Of the 7,155 deaths in the province, 5,997 of those who have died were in some long-term care facility, according to figures kept by independent journalist Nora Loretto*. That’s 84 percent of the total. Eighty-four percent. Deaths in Quebec LTC account for nearly half (48.6 percent) of all the 12, 325 deaths in Canada. Half.
In B.C., the province moved to bar workers in LTC from working in multiple care homes once they had COVID outbreaks in fewer than a dozen or so homes. Here in Quebec, Legault was closing business at that point. LTC workers were only barred from multiple homes more than month later — and even then it wasn’t a rule, more of a ministerial suggestion.
So, right there, we have an obvious failure of Legault’s policy. Workers could take COVID from one care home and spread it around to another. Bring the virus to the very bedside of the most vulnerable throughout the province.
You could maybe be forgiven for wanting to separate out the LTC deaths. It does seem easy to say, “Well, if you don’t count all the LTC deaths, Quebec did pretty well with the pandemic.”

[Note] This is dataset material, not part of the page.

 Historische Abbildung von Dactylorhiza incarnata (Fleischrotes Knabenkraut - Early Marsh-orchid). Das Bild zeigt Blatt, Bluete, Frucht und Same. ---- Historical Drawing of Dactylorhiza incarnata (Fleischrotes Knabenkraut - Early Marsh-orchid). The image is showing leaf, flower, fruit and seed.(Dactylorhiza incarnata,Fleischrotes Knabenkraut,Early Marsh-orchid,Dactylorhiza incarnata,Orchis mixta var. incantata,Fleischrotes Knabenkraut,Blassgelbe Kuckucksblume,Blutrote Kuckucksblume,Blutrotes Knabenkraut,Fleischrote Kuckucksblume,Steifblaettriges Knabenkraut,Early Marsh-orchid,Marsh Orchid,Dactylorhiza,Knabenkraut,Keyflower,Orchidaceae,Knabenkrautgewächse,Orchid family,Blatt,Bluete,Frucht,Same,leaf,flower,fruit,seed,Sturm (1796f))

But you can’t do that. Those 6,000 people — six thousand! — that died in care homes did not have to. Many of them, maybe even most of them, could still be with us. But they’re not. They’re dead. And they are dead because of decisions Legault and his government made.
Anyhow today, as I write this Thursday afternoon, Legault has effectively cancelled Christmas. He’s done this after previously proposing a “moral contract” with the people of the province. The contract was essentially if we were all really good little boys and girls, we would be able to have four separate gatherings of up to 10 people. For those of you counting at home, that’s a series of gatherings involving as many as 40 separate people gathering together.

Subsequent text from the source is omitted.